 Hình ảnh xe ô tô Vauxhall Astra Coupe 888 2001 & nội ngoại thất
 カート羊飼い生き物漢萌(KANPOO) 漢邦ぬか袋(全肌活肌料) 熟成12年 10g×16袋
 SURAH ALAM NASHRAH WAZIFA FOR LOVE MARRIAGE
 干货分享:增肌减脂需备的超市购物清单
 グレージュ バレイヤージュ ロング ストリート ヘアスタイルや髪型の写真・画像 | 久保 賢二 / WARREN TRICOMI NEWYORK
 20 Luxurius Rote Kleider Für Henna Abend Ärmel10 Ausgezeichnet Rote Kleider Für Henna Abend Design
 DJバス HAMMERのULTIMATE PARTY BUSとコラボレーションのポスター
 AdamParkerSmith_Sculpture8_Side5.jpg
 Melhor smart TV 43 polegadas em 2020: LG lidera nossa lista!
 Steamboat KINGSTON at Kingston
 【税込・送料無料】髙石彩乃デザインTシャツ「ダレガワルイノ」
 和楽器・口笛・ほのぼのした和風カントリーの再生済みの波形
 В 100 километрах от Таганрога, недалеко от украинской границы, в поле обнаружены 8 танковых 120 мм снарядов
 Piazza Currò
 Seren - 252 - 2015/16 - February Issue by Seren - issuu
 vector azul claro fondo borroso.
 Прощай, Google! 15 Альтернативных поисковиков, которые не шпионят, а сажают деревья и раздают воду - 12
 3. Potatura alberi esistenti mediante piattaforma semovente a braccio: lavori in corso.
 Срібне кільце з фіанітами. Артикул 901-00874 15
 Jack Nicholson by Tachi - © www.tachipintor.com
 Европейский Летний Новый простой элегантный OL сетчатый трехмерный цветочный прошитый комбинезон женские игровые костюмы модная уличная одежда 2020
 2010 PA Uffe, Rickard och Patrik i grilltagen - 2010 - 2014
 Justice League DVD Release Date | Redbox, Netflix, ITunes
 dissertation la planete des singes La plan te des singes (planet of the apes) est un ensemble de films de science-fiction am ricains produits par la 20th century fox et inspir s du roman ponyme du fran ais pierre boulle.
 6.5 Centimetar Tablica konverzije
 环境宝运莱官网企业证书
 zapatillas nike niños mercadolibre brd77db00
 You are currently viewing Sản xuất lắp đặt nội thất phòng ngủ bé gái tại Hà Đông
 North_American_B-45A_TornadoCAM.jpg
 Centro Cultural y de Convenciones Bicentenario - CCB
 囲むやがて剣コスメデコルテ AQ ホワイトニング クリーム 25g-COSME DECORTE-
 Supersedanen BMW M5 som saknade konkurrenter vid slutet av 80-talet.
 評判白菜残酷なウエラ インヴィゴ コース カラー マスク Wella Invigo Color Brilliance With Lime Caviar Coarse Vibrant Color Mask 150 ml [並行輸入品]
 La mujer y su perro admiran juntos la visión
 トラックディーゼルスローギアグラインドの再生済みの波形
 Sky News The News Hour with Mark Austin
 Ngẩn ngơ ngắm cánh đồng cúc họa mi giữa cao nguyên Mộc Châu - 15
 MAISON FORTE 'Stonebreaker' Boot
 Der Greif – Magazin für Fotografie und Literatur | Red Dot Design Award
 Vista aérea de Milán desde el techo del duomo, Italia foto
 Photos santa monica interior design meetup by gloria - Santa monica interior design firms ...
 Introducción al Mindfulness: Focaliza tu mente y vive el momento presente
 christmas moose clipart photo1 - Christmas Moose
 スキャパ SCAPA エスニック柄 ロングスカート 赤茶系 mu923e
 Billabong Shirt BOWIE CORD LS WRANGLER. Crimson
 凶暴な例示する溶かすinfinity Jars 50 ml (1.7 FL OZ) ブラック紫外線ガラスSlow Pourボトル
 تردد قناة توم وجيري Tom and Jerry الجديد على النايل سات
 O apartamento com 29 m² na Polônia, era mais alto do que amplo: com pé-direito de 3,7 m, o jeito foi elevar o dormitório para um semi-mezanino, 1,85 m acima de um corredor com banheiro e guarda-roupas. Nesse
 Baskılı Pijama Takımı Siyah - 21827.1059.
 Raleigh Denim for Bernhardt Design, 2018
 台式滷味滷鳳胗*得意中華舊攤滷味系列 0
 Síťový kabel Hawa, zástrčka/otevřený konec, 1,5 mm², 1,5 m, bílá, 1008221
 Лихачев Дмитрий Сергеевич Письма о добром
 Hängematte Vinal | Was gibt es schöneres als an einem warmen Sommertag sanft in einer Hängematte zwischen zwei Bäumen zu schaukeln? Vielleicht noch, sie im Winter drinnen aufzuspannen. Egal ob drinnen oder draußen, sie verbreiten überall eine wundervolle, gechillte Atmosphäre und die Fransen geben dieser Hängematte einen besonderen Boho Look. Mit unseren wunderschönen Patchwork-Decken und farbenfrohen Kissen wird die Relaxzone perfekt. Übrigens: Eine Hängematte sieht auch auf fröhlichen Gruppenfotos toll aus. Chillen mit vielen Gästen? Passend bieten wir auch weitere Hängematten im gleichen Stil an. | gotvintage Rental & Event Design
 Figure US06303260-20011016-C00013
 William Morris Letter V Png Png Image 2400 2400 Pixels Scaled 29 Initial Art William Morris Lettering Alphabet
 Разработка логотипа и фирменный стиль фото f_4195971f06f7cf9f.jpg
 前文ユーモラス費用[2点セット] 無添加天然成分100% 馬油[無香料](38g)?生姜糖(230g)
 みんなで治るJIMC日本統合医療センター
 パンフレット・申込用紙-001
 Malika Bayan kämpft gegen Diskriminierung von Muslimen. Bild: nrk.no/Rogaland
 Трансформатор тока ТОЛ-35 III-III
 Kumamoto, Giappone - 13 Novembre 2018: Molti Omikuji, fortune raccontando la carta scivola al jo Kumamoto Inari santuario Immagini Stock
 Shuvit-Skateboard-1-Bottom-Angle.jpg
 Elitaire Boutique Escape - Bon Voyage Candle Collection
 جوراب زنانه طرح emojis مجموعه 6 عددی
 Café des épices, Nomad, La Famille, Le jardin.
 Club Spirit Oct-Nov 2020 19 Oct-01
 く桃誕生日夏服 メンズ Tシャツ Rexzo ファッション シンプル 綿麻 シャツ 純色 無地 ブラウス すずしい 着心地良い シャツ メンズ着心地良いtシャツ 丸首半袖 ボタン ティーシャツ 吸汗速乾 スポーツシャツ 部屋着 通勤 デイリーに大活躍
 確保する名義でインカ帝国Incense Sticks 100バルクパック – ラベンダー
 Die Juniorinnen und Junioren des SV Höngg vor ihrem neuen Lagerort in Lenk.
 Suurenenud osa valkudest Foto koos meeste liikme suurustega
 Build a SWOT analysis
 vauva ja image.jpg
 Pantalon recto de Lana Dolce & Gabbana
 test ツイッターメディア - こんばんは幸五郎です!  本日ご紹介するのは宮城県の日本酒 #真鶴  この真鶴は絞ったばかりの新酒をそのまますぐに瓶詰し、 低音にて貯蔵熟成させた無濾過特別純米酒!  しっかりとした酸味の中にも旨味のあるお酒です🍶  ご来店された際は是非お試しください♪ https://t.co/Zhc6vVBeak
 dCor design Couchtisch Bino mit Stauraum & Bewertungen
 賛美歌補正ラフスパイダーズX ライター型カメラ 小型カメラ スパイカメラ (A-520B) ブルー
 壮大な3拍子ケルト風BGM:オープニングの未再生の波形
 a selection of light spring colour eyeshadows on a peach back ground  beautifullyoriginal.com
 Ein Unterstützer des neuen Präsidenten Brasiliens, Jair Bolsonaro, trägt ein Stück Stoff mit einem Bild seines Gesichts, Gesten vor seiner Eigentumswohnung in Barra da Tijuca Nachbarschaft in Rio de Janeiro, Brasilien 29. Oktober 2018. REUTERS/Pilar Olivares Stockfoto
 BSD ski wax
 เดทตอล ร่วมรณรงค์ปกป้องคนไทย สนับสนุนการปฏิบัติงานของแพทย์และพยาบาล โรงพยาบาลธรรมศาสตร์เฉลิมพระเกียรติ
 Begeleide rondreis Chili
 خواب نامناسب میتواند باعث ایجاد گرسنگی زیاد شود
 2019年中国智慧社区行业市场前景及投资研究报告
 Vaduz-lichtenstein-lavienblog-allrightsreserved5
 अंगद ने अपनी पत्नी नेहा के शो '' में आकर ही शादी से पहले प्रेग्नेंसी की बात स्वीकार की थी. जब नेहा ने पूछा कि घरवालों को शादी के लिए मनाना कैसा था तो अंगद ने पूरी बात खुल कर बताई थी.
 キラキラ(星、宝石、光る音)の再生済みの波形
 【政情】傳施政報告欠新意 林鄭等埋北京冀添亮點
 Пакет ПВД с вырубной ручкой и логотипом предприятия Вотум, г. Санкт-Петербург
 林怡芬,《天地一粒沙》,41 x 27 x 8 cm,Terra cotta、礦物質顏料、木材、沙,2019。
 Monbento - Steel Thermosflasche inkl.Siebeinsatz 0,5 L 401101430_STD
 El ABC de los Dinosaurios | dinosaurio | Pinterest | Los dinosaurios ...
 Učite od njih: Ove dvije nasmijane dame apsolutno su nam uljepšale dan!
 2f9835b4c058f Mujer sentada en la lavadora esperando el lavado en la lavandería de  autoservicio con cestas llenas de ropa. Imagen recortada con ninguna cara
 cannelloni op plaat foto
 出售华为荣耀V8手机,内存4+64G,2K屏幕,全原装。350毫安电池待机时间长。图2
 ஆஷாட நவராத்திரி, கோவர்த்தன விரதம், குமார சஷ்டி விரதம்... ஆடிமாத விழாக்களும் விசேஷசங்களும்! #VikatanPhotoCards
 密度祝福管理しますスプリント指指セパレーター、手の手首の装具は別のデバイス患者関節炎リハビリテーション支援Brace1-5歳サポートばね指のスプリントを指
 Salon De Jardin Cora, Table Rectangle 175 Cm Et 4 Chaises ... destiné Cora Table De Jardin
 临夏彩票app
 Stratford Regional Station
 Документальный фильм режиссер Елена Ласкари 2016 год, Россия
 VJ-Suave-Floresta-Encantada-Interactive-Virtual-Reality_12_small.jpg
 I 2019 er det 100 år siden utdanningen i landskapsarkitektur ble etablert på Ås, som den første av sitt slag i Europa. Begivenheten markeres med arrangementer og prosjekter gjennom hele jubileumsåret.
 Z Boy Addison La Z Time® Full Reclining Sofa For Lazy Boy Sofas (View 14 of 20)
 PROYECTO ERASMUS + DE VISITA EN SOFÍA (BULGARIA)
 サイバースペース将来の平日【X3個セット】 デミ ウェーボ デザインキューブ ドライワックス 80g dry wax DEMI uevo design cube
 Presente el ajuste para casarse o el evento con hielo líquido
----------
Prompt: Using the records above, copy word for word the line with "vauva ja image.jpg", the line with "a selection of", and every line between them.

Task solution:
 vauva ja image.jpg
 Pantalon recto de Lana Dolce & Gabbana
 test ツイッターメディア - こんばんは幸五郎です!  本日ご紹介するのは宮城県の日本酒 #真鶴  この真鶴は絞ったばかりの新酒をそのまますぐに瓶詰し、 低音にて貯蔵熟成させた無濾過特別純米酒!  しっかりとした酸味の中にも旨味のあるお酒です🍶  ご来店された際は是非お試しください♪ https://t.co/Zhc6vVBeak
 dCor design Couchtisch Bino mit Stauraum & Bewertungen
 賛美歌補正ラフスパイダーズX ライター型カメラ 小型カメラ スパイカメラ (A-520B) ブルー
 壮大な3拍子ケルト風BGM:オープニングの未再生の波形
 a selection of light spring colour eyeshadows on a peach back ground  beautifullyoriginal.com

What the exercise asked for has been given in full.